Researchers from the Early Breast Cancer Trialists’ Collaborative Group, which is led by Oxford Population Health and funded by Cancer Research UK and the Medical Research Council, gathered data on over 100,000 women who participated in 86 randomised clinical trials to assess the benefits and risks of different anthracycline and taxane chemotherapy regimens.

Key results

  • Chemotherapy regimens that include both an anthracycline and a taxane drug significantly reduced breast cancer recurrence and death compared to taxane regimens without an anthracycline. Across all trials, the risk of recurrence was reduced by an average of 14%.
  • Regimens with higher cumulative doses of both anthracycline and taxane were the most effective. In trials that added anthracycline and maintained the same dose of taxane, recurrence was reduced by an average of 42%.
  • Benefits were similar for younger and older women, in hormone receptor positive and hormone receptor negative breast cancers, and did not differ by other measured tumour characteristics.
  • There was a small increase in the risk of developing acute myeloid leukaemia with anthracyclines, equating to one additional case of AML per 700 women treated.
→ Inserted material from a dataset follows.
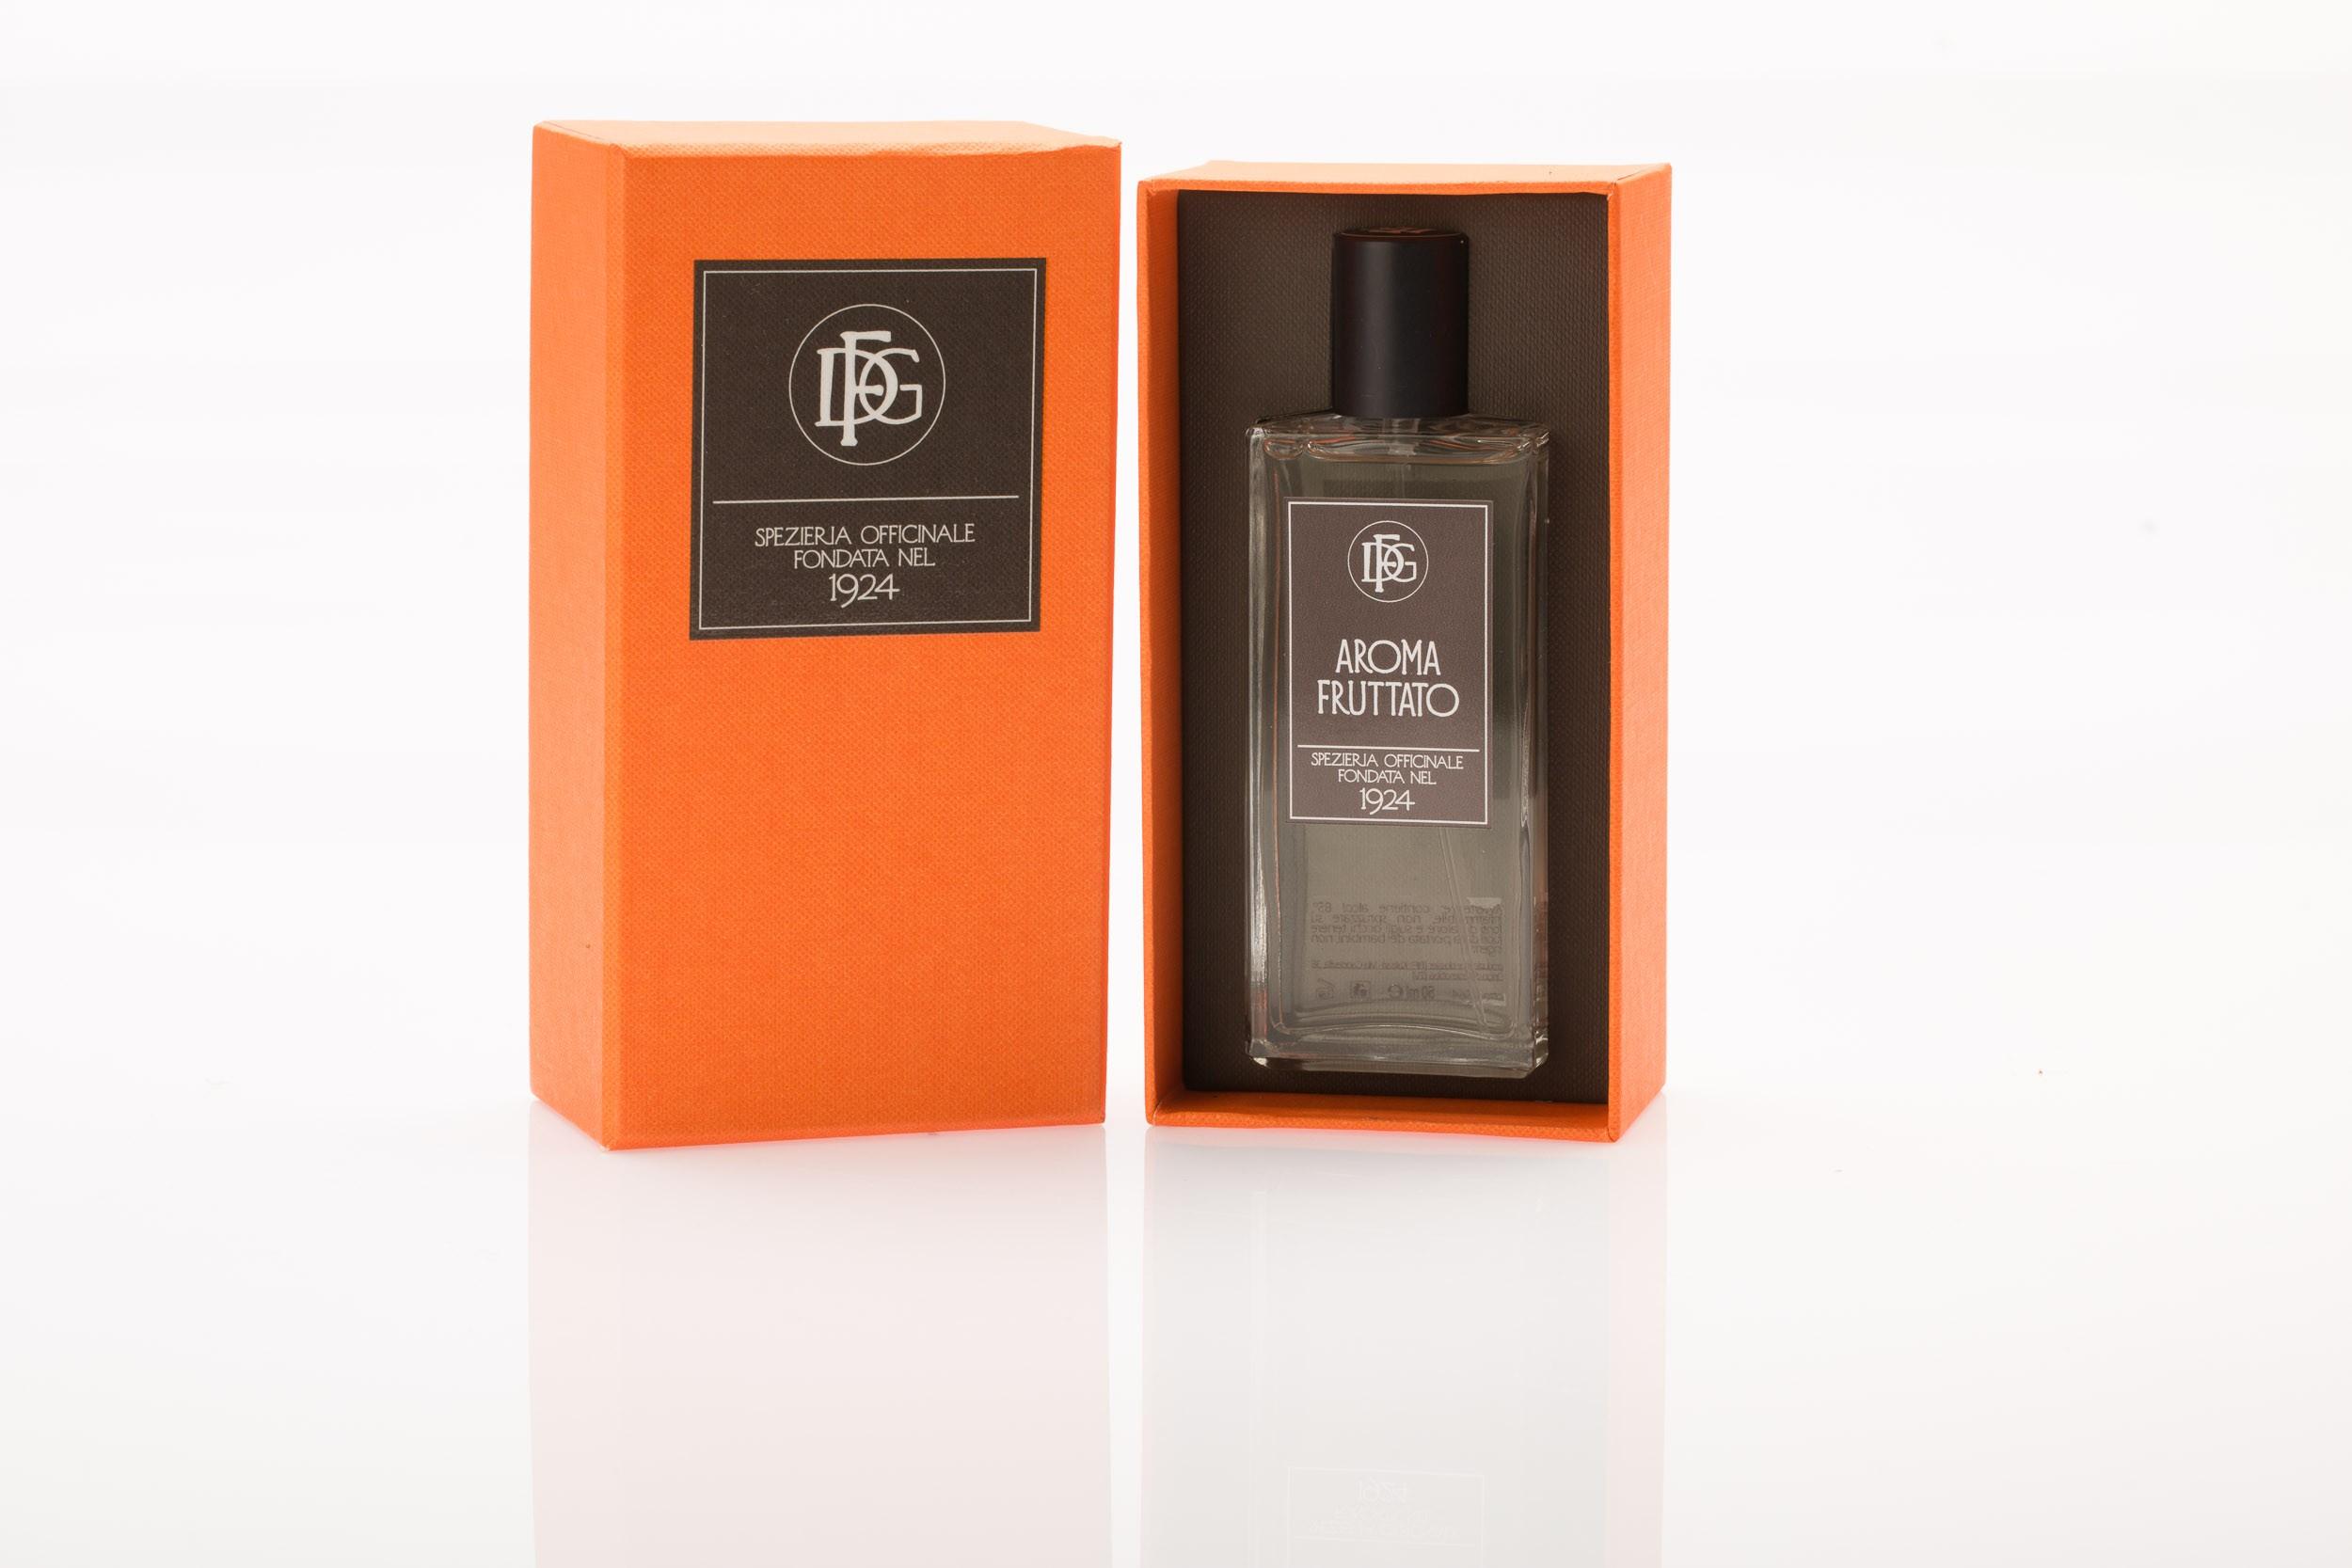 DFG1924 Aroma Fruttato аромат для женщин

Dr Jeremy Braybrooke, one of the lead researchers, consultant medical oncologist at University Hospitals Bristol and Weston NHS Trust and senior clinical research fellow at Oxford Population Health, said: ‘For women with operable breast cancer at high enough risk of recurrence to be offered chemotherapy, our study shows that using both an anthracycline and a taxane, achieves the best results. This important finding should be considered in clinical practice as there has been a recent shift towards using shorter chemotherapy regimens that include a taxane but not an anthracycline; our research demonstrates that this is less effective than combination treatment.’

Rosie Bradley, another lead researcher and medical statistician at Oxford Population Health, said: ‘Individual trials have reported increases in heart disease with anthracyclines; however, in this study there was no increase in deaths from cardiovascular causes, or of deaths from other non-breast cancer causes in women who received an anthracycline. There were no consistent differences in short-term toxicity with or without an anthracycline, suggesting that combination therapy is the best option for patients.’